EXERCISE DETAILS> All of the data below is to be repeated exactly, except for the pictures.

DATA EXCERPT>
════
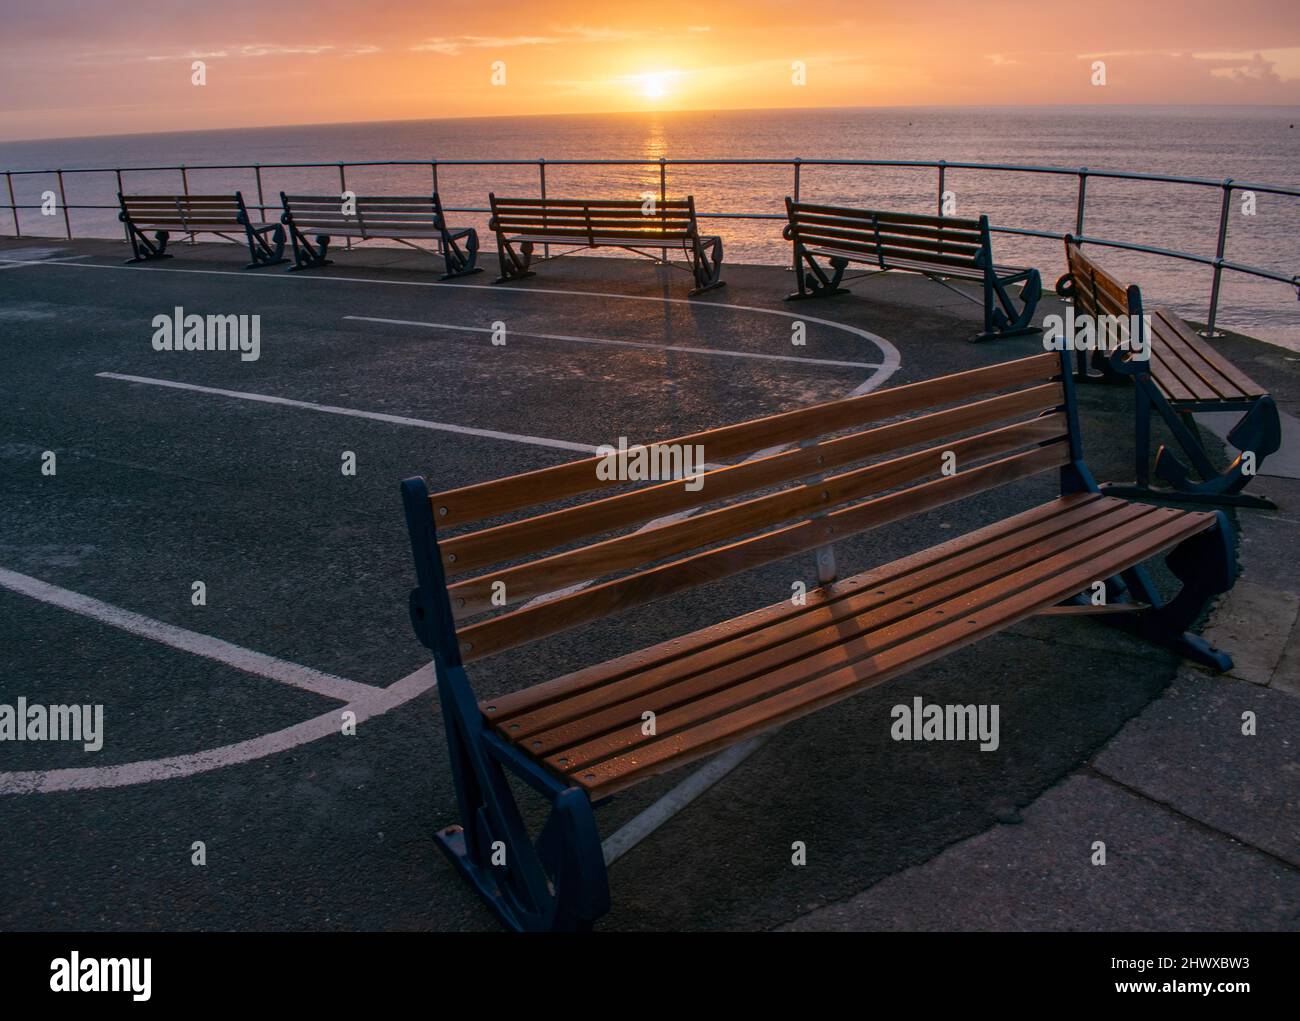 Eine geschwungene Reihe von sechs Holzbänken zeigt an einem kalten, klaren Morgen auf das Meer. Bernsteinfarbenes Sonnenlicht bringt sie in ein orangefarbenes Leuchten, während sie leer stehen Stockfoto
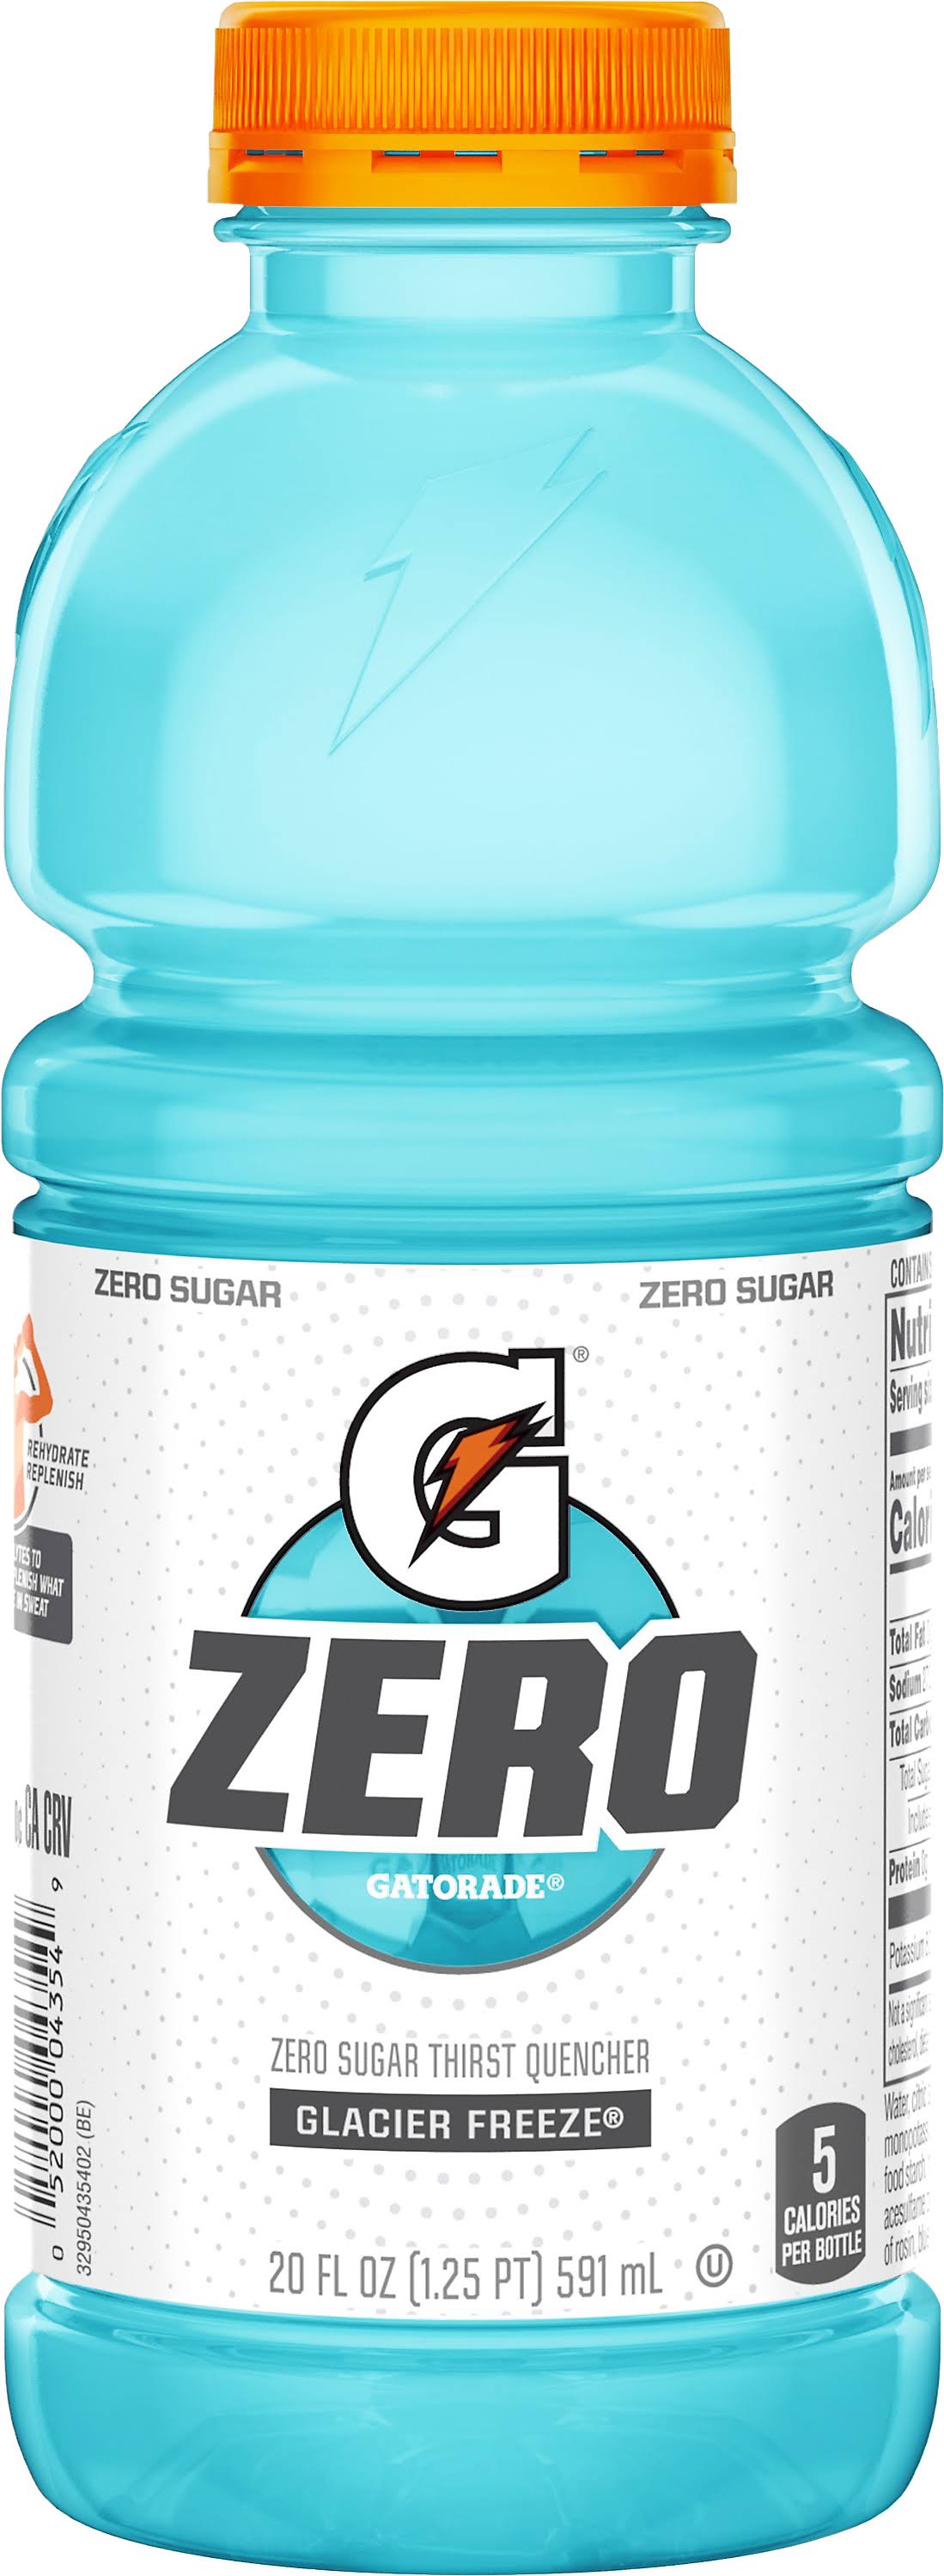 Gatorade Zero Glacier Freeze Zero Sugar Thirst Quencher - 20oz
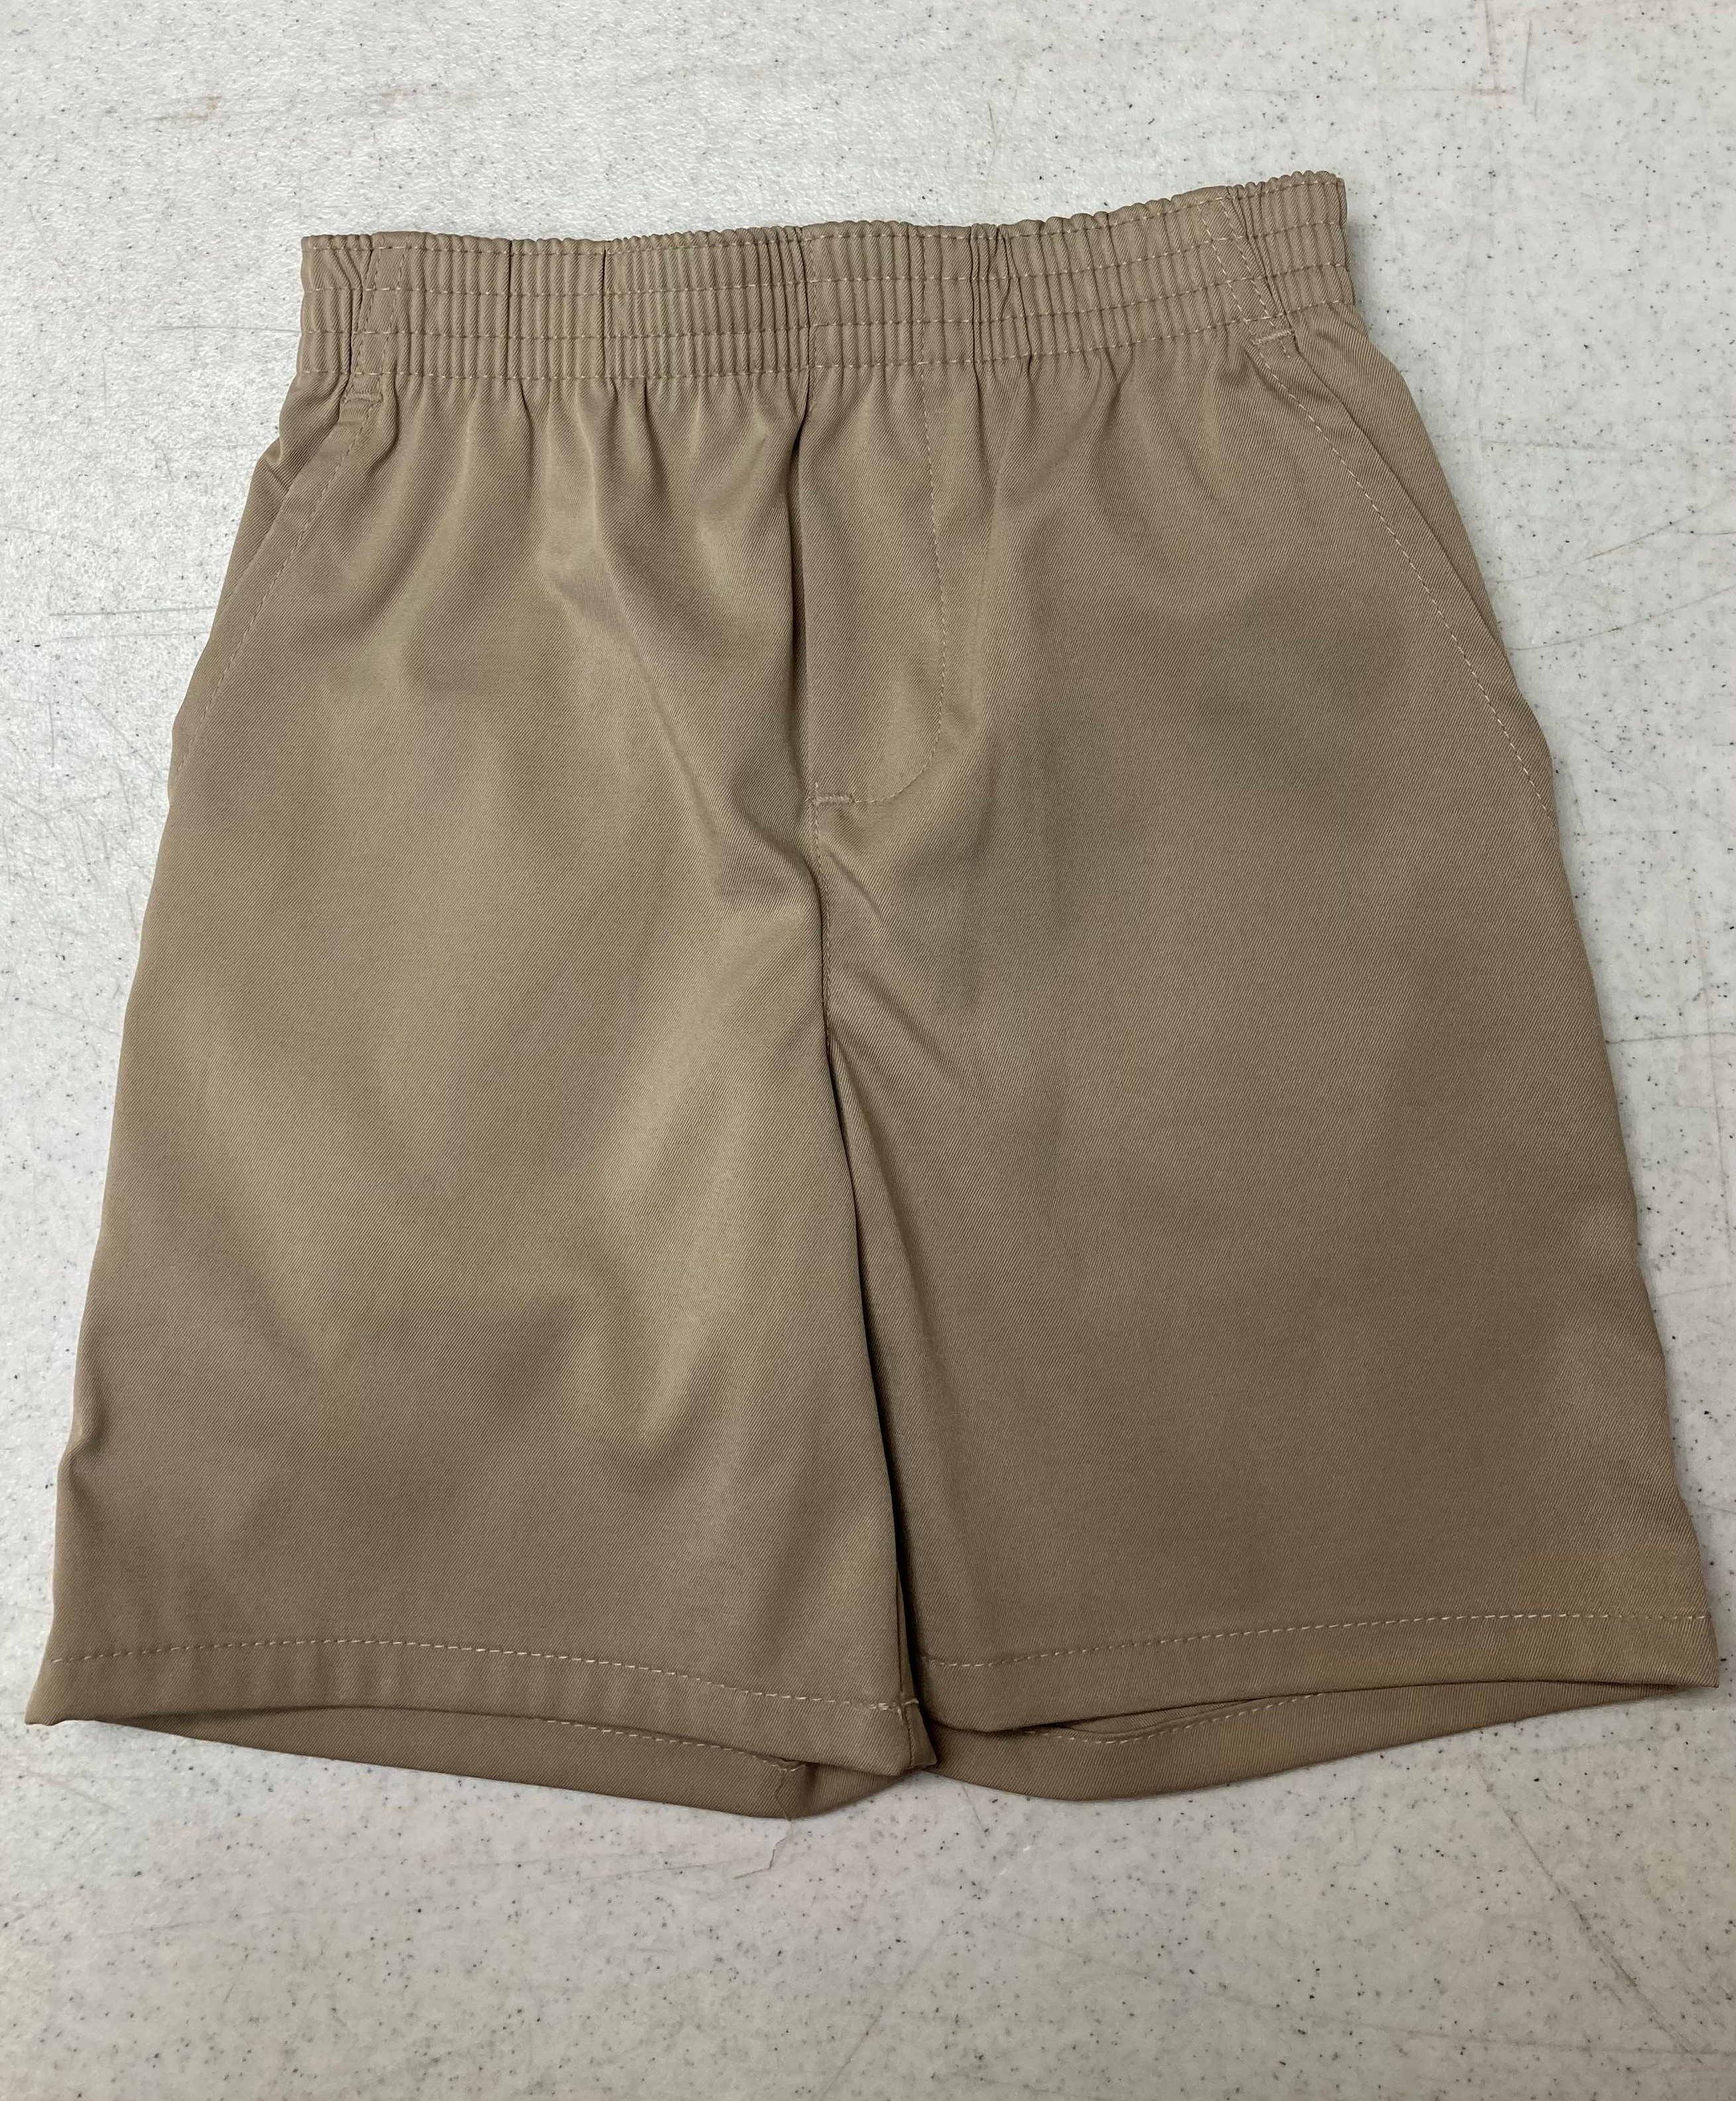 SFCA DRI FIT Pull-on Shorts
════
EXPECTED OUTPUT>
 Eine geschwungene Reihe von sechs Holzbänken zeigt an einem kalten, klaren Morgen auf das Meer. Bernsteinfarbenes Sonnenlicht bringt sie in ein orangefarbenes Leuchten, während sie leer stehen Stockfoto
 Gatorade Zero Glacier Freeze Zero Sugar Thirst Quencher - 20oz
 SFCA DRI FIT Pull-on Shorts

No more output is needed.